Very interesting piece Daren... you never gave any dimensions, how thick is that thing? It looks like it came from the outside of the log at or near a burl. Lots going on in that piece. I agree, a nested box type project would be a way to show off lots of that busy figure and swirling grain. Have you thought of the box within a box within a box thing? ...like those russian nested dolls? Would be harder to make, but you would have many different size sides to cut out, so you might be able to use some smaller pieces, thus less waste from that slab. Would be a one of a kind deal for sure.


----------



## Daren (Oct 14, 2006)

tswoodshop said:


> Very interesting piece Daren... you never gave any dimensions, how thick is that thing?


9 1/2" x 9 1/2" x 2 1/2"


----------



## TexasTimbers (Oct 17, 2006)

tswoodshop said:


> . . .I agree, a nested box type project would be a way . . . Have you thought of the box within a box within a box thing?
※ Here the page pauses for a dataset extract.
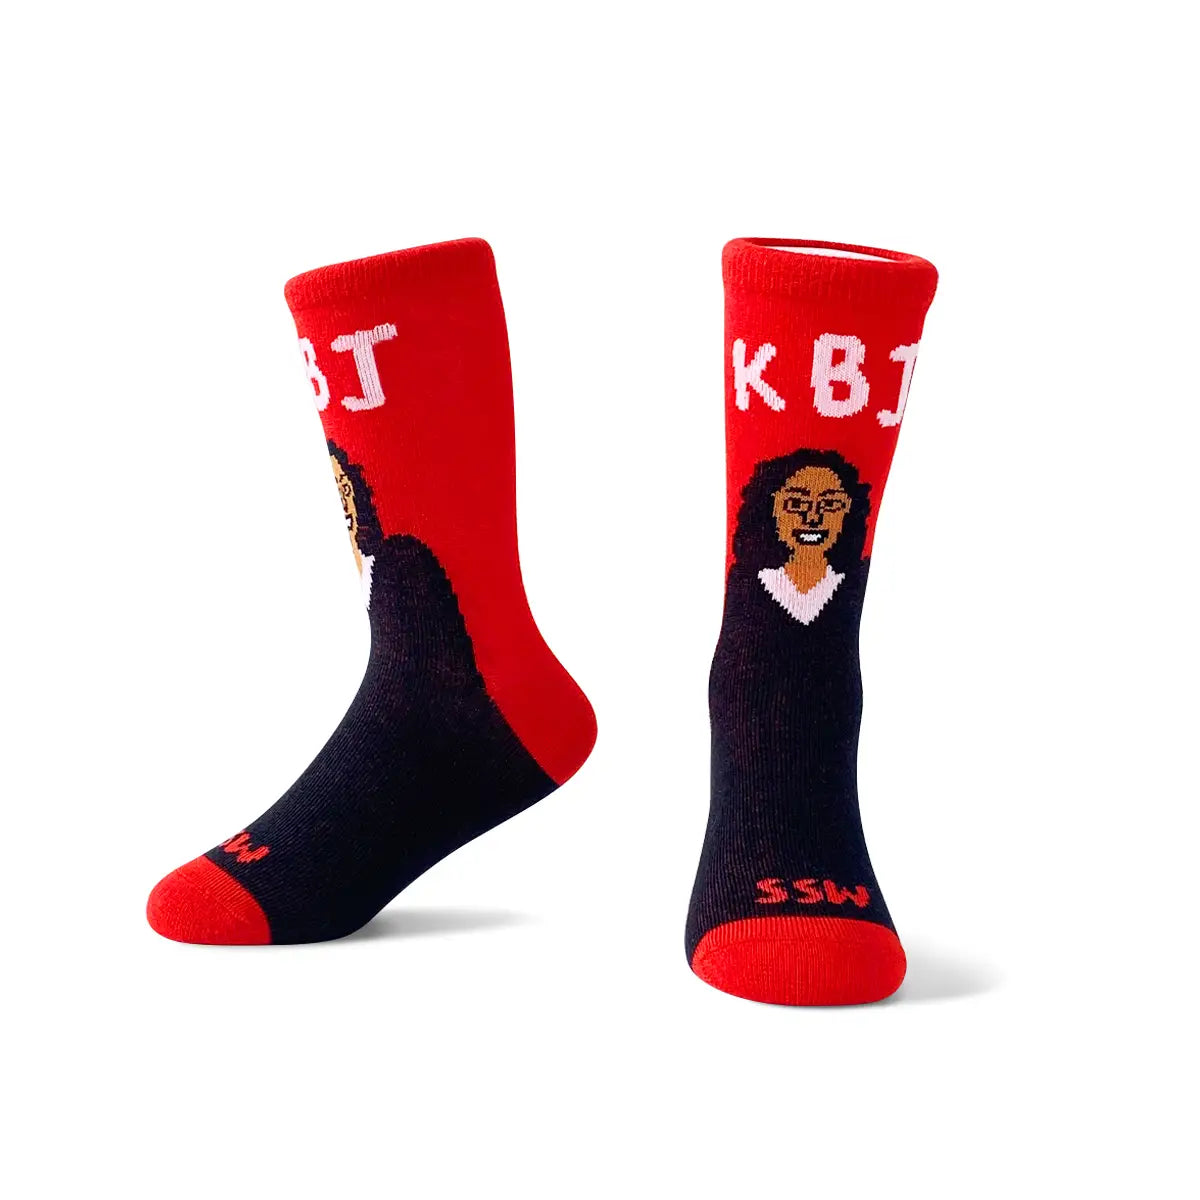 KBJ Toddler Socks
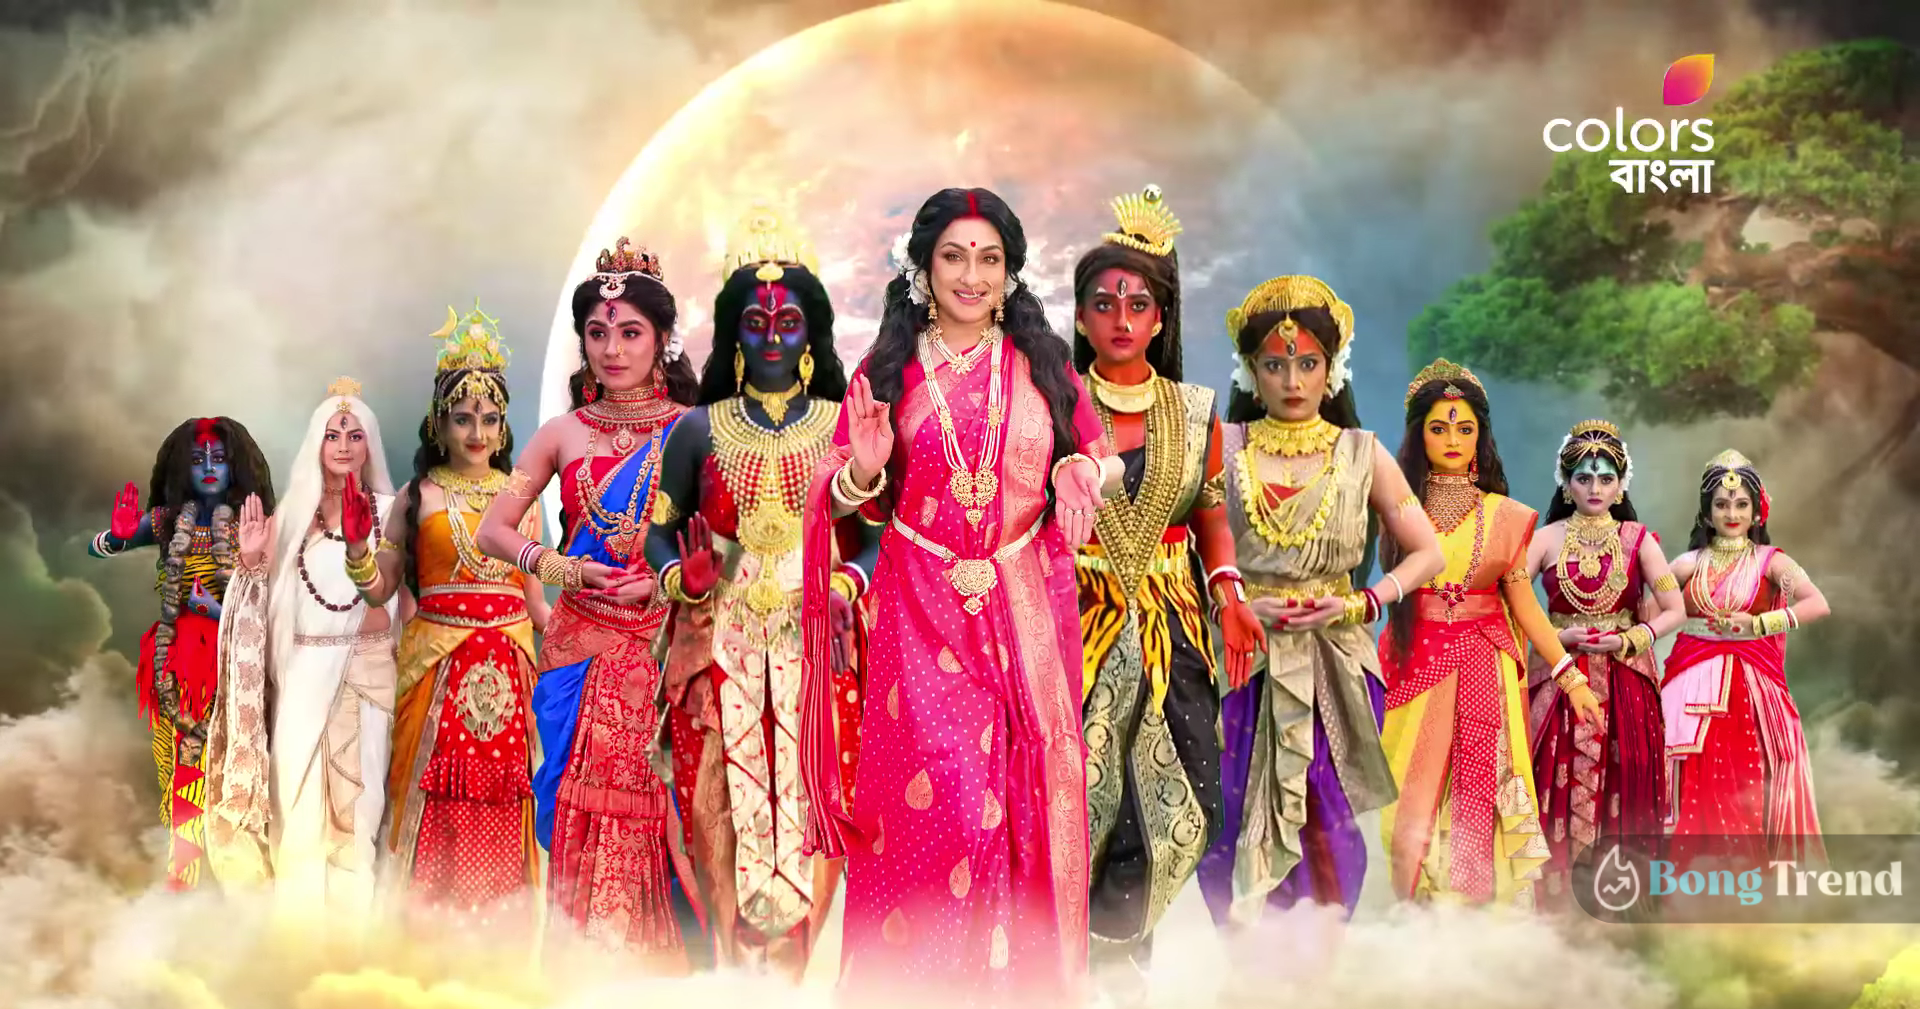 শ্রুতি দাস,Shruti Das,মা কালী,Ma Kali,মেকআপ,Make Up,ভিডিও,Video,ভাইরাল,Viral

Aren't they one and the same? :detective:


----------



## tswoodshop (Jan 7, 2009)

TexasTimbers said:


> Aren't they one and the same? :detective:


...well yes except I was thinking more of the nested boxes, where you have a smaller box sitting in a larger one, and then a smaller one within that... and yet a smaller one within that... like the nested Russian dolls. Here is an explanation for those that don't know what I'm talking about. But it would be small boxes in stead of the dolls that would fit within each other. 
http://en.wikipedia.org/wiki/Matryoshka_doll


----------



## TexasTimbers (Oct 17, 2006)

In the context used here, nested is nested no matter the shape or item. One within another within another. 

I never heard of nested nests though. Wonder if there is a bird that builds a nest within a nest. :w00t:


----------